Almost three-quarters of Americans (74%) say racial and ethnic discrimination is a serious problem in the United States, compared to a median of 17% of the public who say racial and ethnic discrimination is a serious problem in their society. However, there is great variation on this point, with only 17% in Taiwan stating that racial and ethnic discrimination is a serious problem and 82% in France and Italy saying the same.

And the United States is in the top when it comes to whether people agree on basic facts: a majority of Americans (59%) say people can’t get along on basic facts, just behind France (61%).

A graph showing Democrats more likely to see most societal conflict, although both sides see partisan conflict

In the United States, there are major political divisions over most measures of societal conflict. Democrats and Democrat-leaning independents are significantly more likely than Republicans and Republican-leaning independents to say that there is conflict over each of the items studied, with one exception: an equal share (90%) of supporters on both sides claim that there are very strong conflicts between people who support different political parties. Earlier findings in the United States have shown that an equally large proportion of Americans said the conflict between Democrats and Republicans was strong or very strong. Democrats are also much more likely than Republicans to say racial and ethnic discrimination is a serious problem in the United States, in line with long-standing findings that show broad partisan divisions over racial and ethnic inequalities.

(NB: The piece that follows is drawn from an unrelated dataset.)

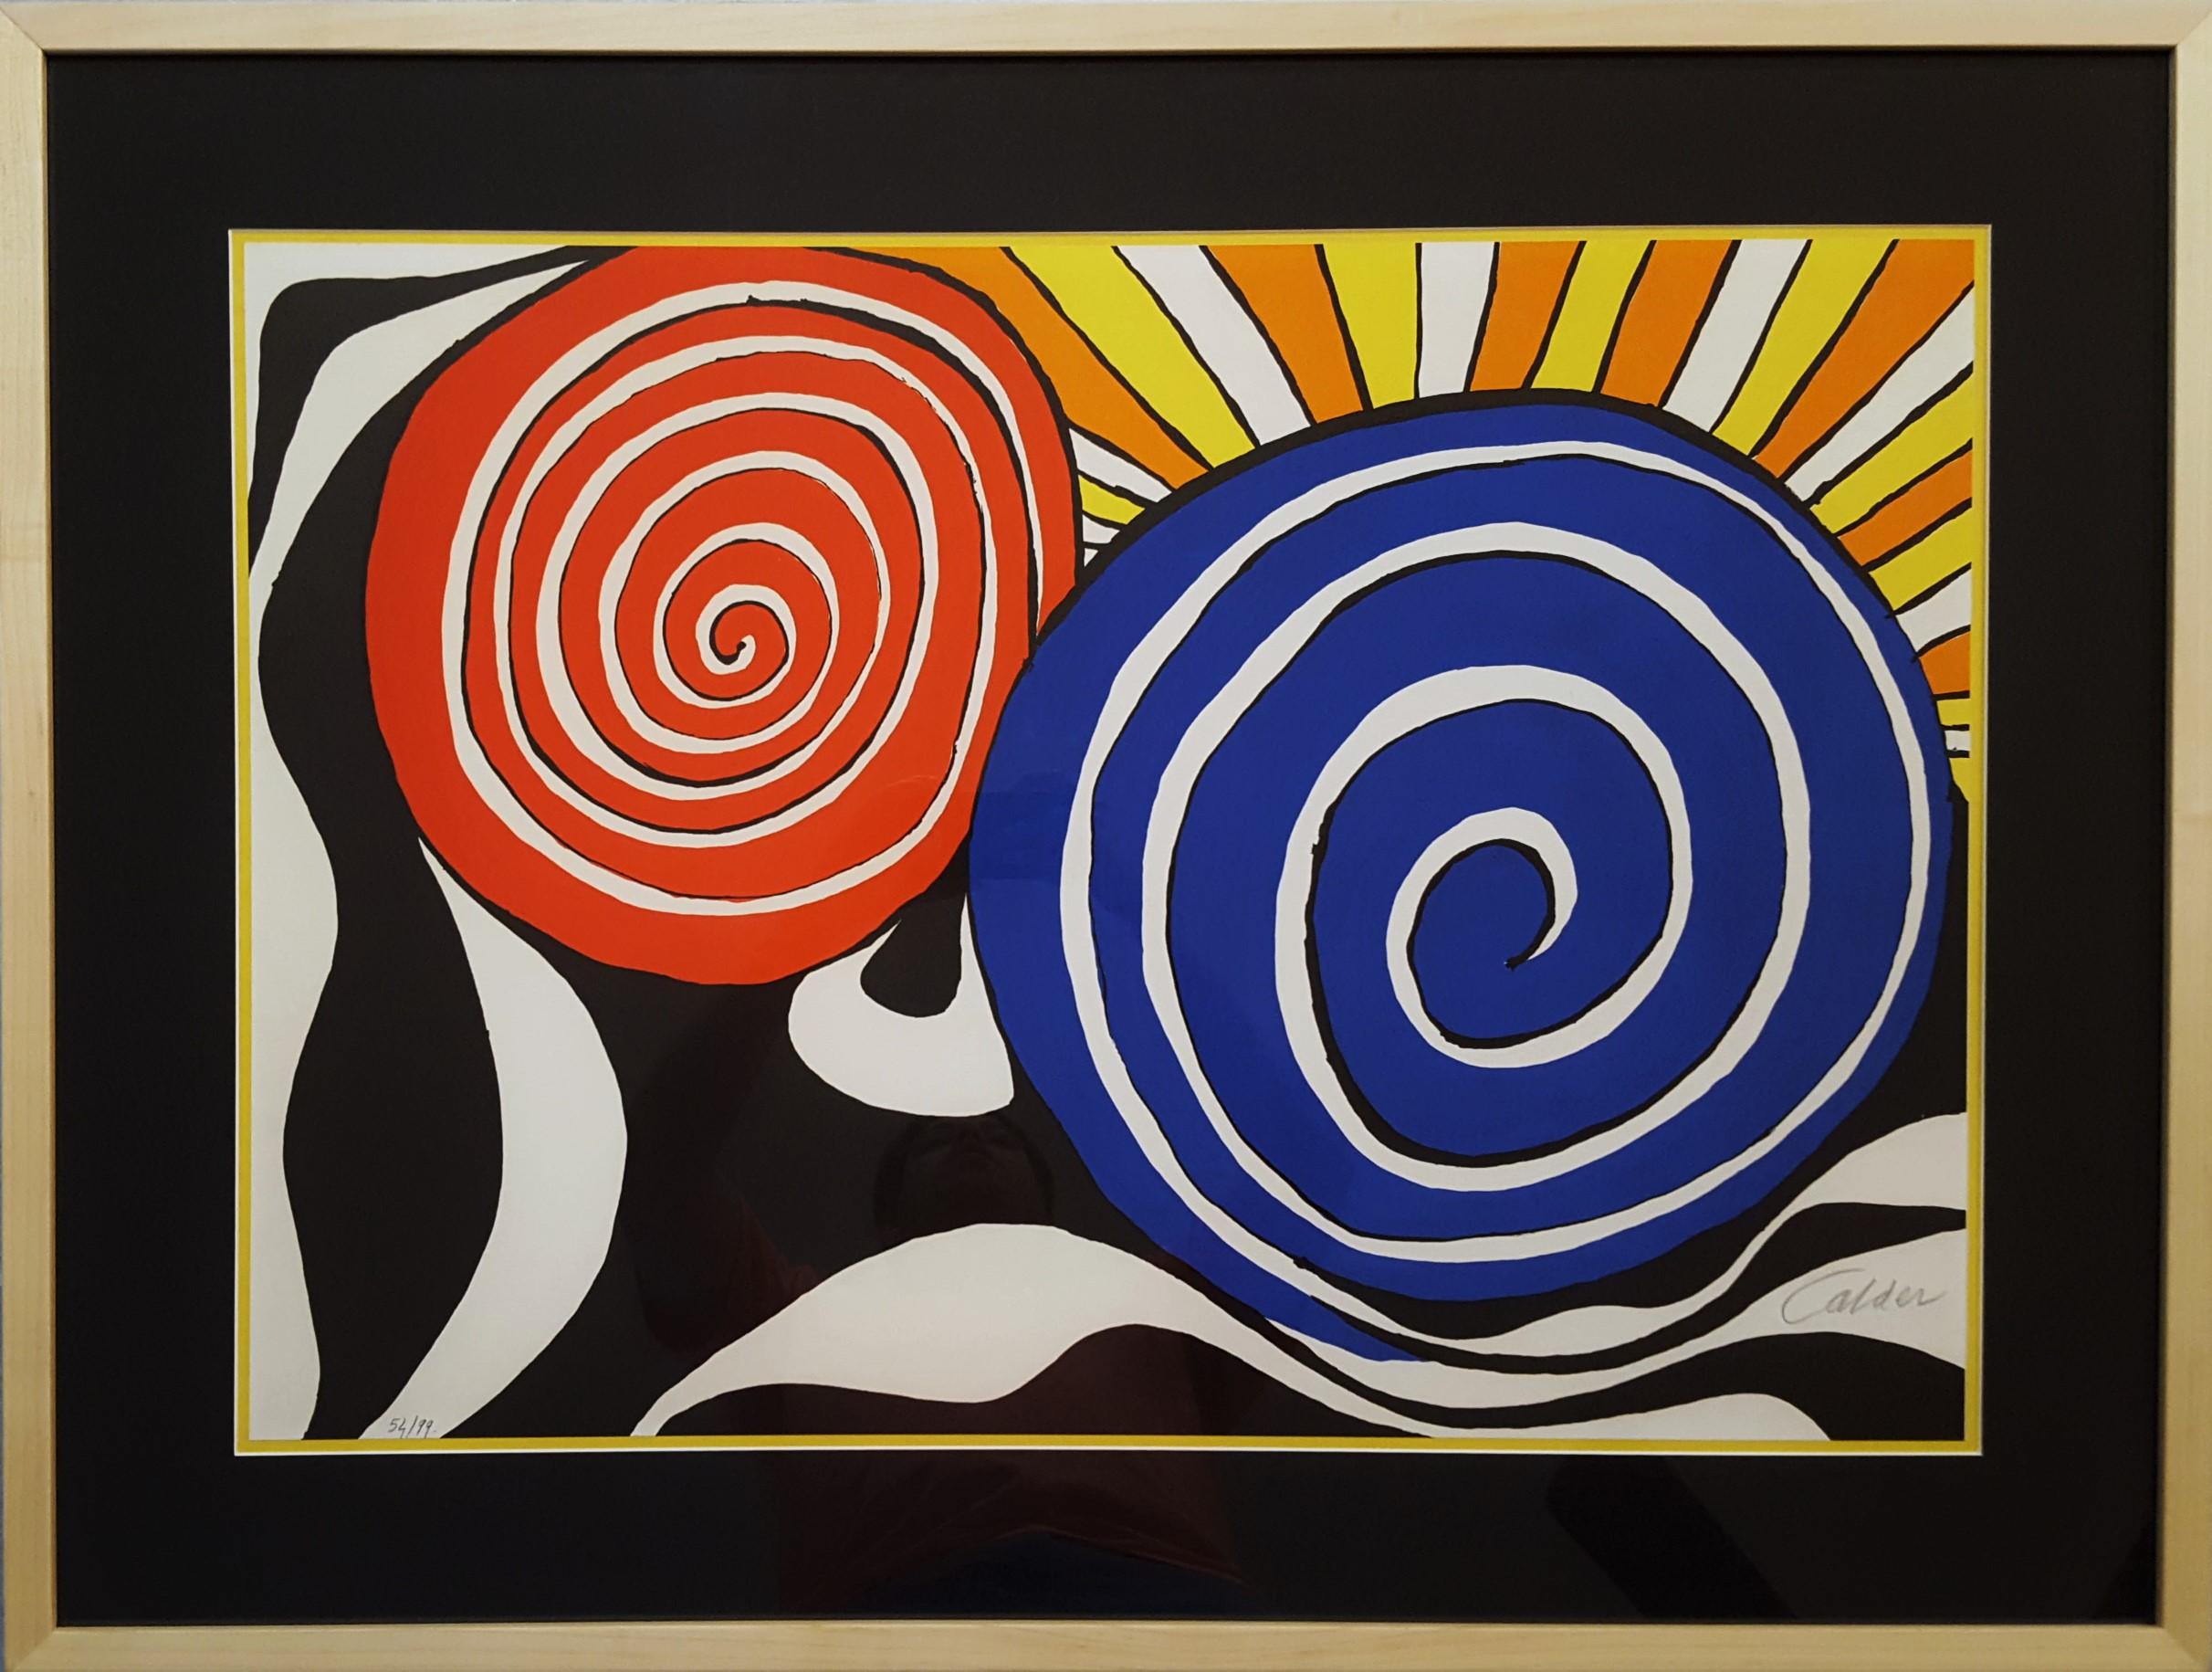 Red and Blue Spirals with Sun - Print by Alexander Calder

A bar graph showing that black adults are more likely than white or Hispanic adults to say there is ethnic and racial conflict in the United States

There are also significant differences on issues of societal conflict regarding racial and ethnic identity in the United States. Non-Hispanic white adults are significantly more likely than non-Hispanic or Hispanic black adults to say that there is conflict between people who support different political parties. , although large majorities from all three groups agree. When it comes to conflict between people of different racial and ethnic backgrounds, 82% of black Americans say there is very strong or strong conflict, compared to about seven in ten White and Hispanic Americans. Black and Hispanic adults are significantly more likely than white adults to say that there is conflict between people who practice different religions.

A bar graph showing Liberal Democrats most likely to say Americans disagree on basic facts

In the United States, supporters are about as likely to say that Americans disagree on the basic facts. Six in ten Democrats share this view, as do about six in ten Republicans. But liberal Democrats (68%) are significantly more likely than moderate and conservative Democrats (52%) to say that most Americans disagree on basic facts. Among conservative Republicans, 62% say most people disagree on the basic facts, while 54% of moderate and liberal Republicans say so.

About six in ten non-Hispanic and Hispanic white adults say that when it comes to important issues facing the United States, most people disagree on the basic facts. Non-Hispanic black adults are significantly less likely to hold this view than white or Hispanic adults, with 49% saying most people disagree on the basic facts. Those with a college degree or more are also much more likely to say that people disagree on basic facts than those with a college degree or less (63% and 56%, respectively).

Note: The following are the questions used for this analysis, along with the answers. Visit our methodological database for more information on survey methods outside the United States. For respondents in the United States, learn more about the ATP methodology.

Aidan Connaughton is a research assistant specializing in global attitudes research at the Pew Research Center.